China has the largest-scale fishery in the world. Since the founding of the People’s Republic of China, especially since the reform and opening-up, China’s fishery industry has developed rapidly and embarked on a road of development with distinctive Chinese characteristics, focusing on aquaculture, which has become a highlight of agricultural and rural economic development. Since 1989, China’s output of aquatic products has ranked first in the world for more than 30 consecutive years. In 2020, the total output of aquatic products in China reached 65.4902 million tons, of which the aquaculture output was 52.242 million tons, accounting for about 80% of the total output of aquatic products and more than 60% of the world’s aquaculture output [1]. The GDP of fishery increased from 318.96 million dollars in 1978 to 195.976 billion dollars in 2020, an increase of more than 600 times, accounting for 17% of the GDP of primary industry [2,3]. China has become a veritable fishing country.

The progress of fishery science and technology is an important driving force for the development of fishery. The great achievements of China’s fishery are inseparable from the strong support of fishery science and technology. In the past few years, China attaches great importance to the development of fishery science and technology.

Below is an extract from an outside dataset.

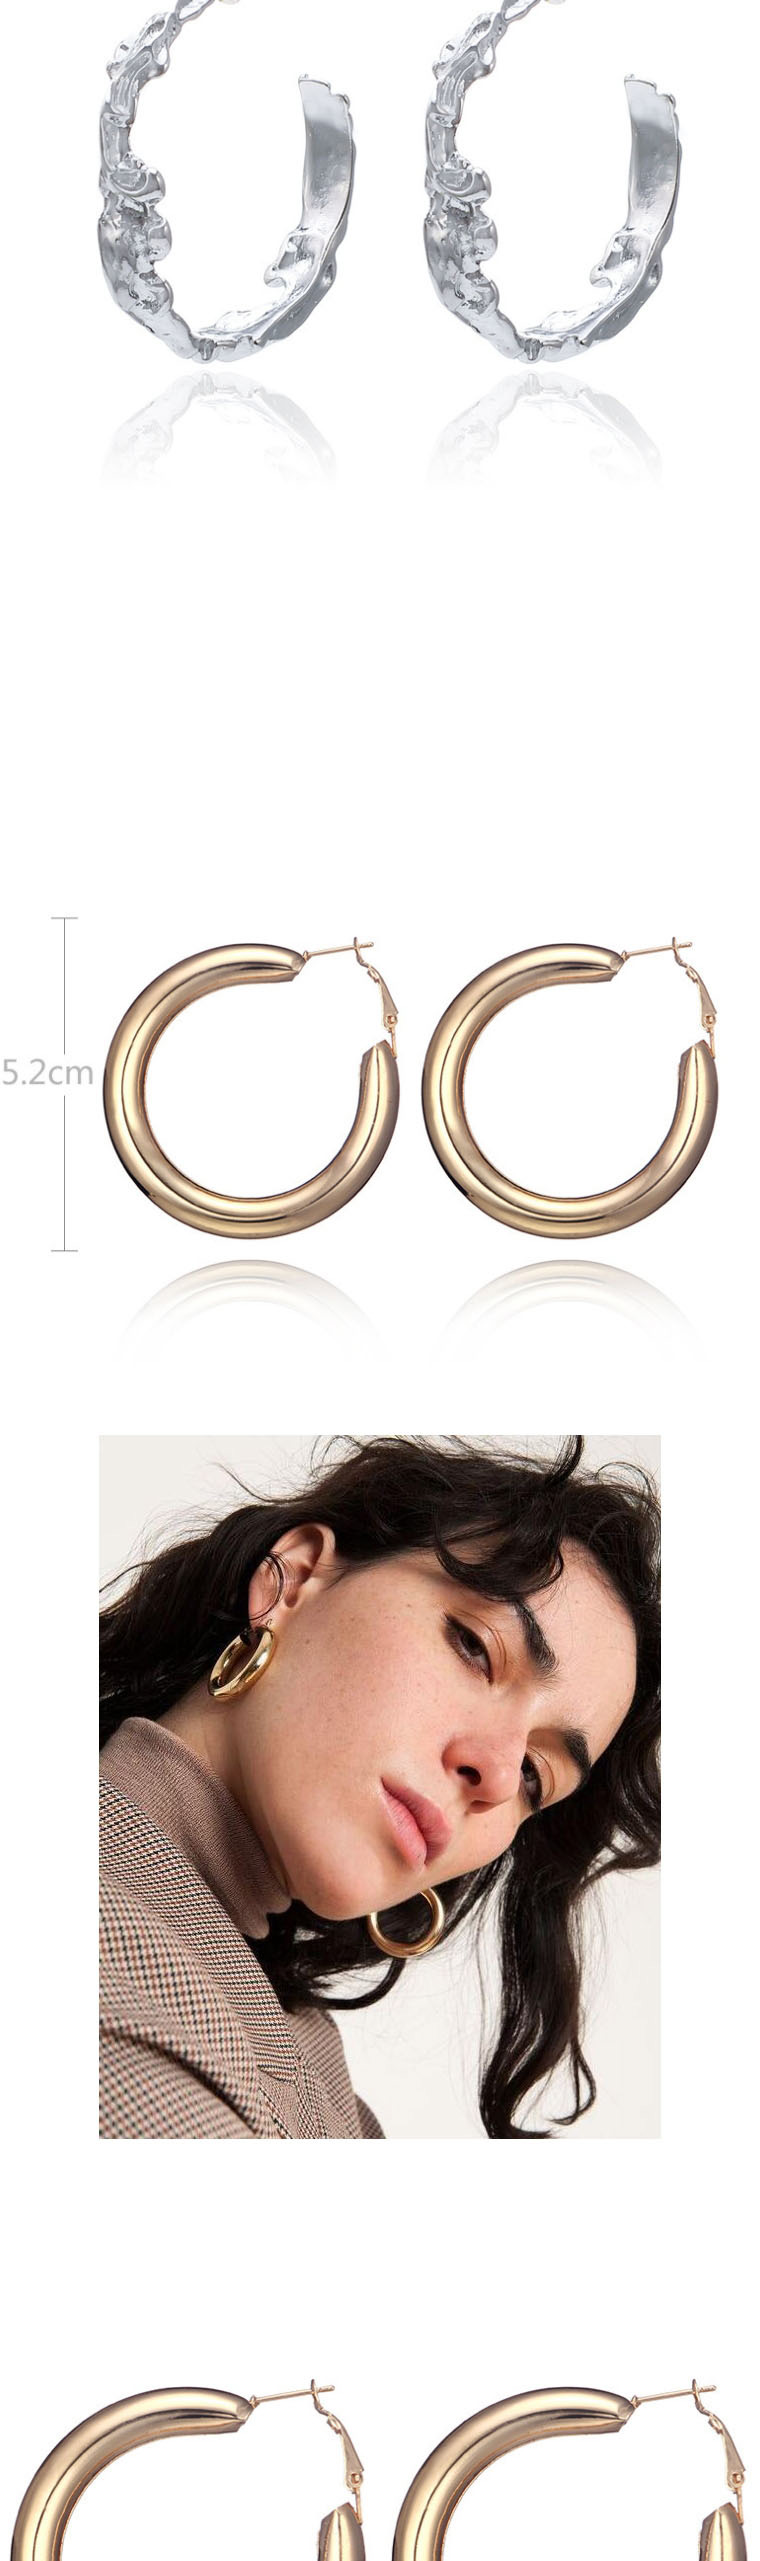 Fashion Silver Glossy Irregular Concave Circle Pierced Earrings,Stud Earrings

In January 2017, the Ministry of Agriculture issued “The 13th Five-year Plan for the Development of Fishery Science and Technology”, proposing that to build a modern fishery power, China must implement the strategy driven by science and technology innovation and follow the development concept of innovation, coordination, green, open and sharing, so as to achieve the development goals of improving quality and efficiency, reducing quantity and increasing income, green development and enriching fishermen, and the fishery development entered the deep water zone of transforming mode and adjusting structure [4]. In December 2021, the Ministry of Agriculture and Rural Affairs issued “The 14th Five-year Plan for National Fishery Development”, in which science and technology innovation was taken as the strategic support for fishery development, and proposed to make breakthroughs in key technology, innovate core equipment, strengthen technical services, and lead high-quality fishery development with innovation [5]. In the last 10 years, the supporting and leading role of fishery science and technology in modern fishery development has been significantly enhanced, and a series of technology innovation and breakthroughs have been made in the cultivation of new aquaculture varieties, aquaculture technology, fishery equipment engineering and other fields. In 2020, the fishery science and technology innovation contributed 63% to the economic development of fishery [6], playing an important role in ensuring national food security, increasing fishermen’s income and promoting green development of fishery.

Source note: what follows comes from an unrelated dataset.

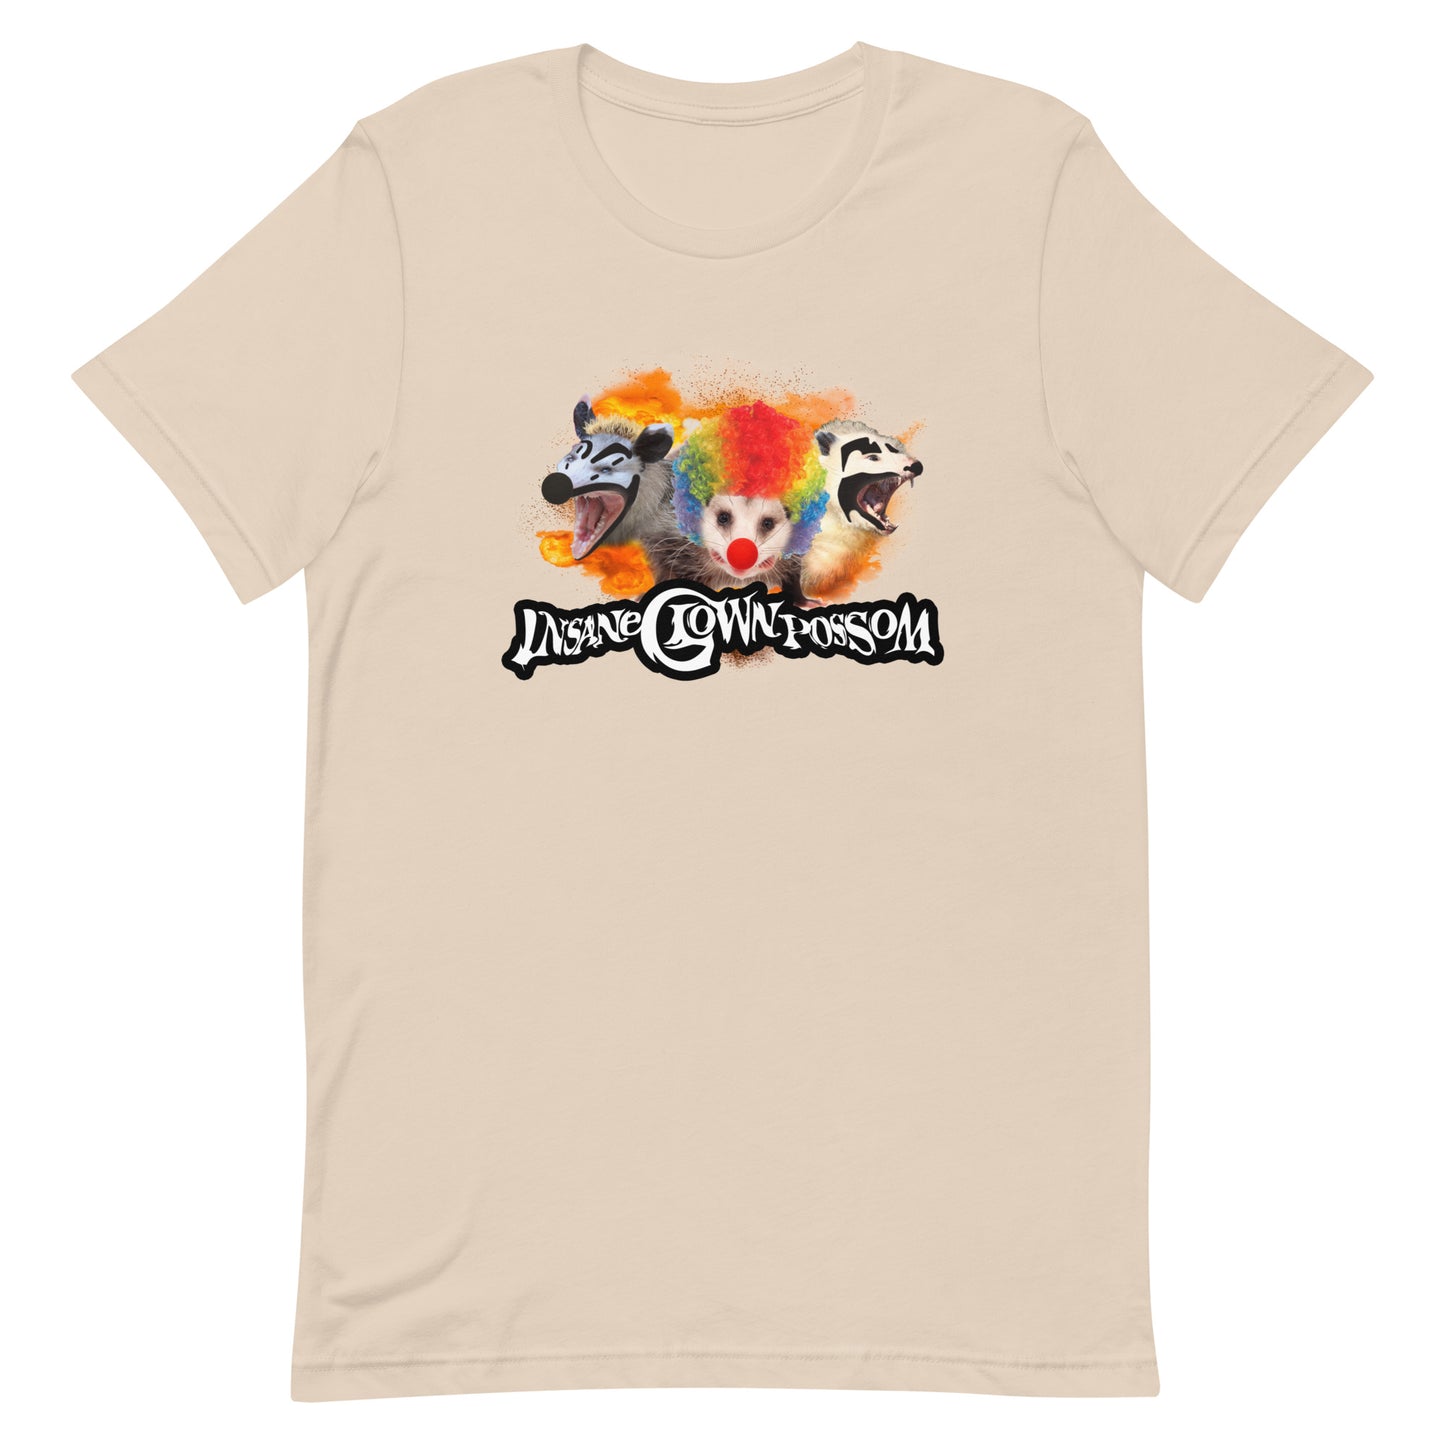 Insane Clown Possum Unisex t-shirt

On the other hand, the sustainable development of fishery has gradually attracted the attention of the world. In September 2015, the United Nations Summit on Sustainable Development adopted the 2030 Agenda for Sustainable Development, in which point 14 proposed the sustainable development of life below water [7], including fisheries. Improving the efficiency of fishery science and technology and dividing the types of sustainable development of fishery science and technology are very important to achieve the goal of sustainable development of fishery. Innovation efficiency of fishery science and technology is an important index to measure the relationship between input and output of fishery science and technology activities [8]. The improvement of fishery science and technology innovation efficiency is the key factor to promote the healthy development of fishery industry and improve fishery development quality.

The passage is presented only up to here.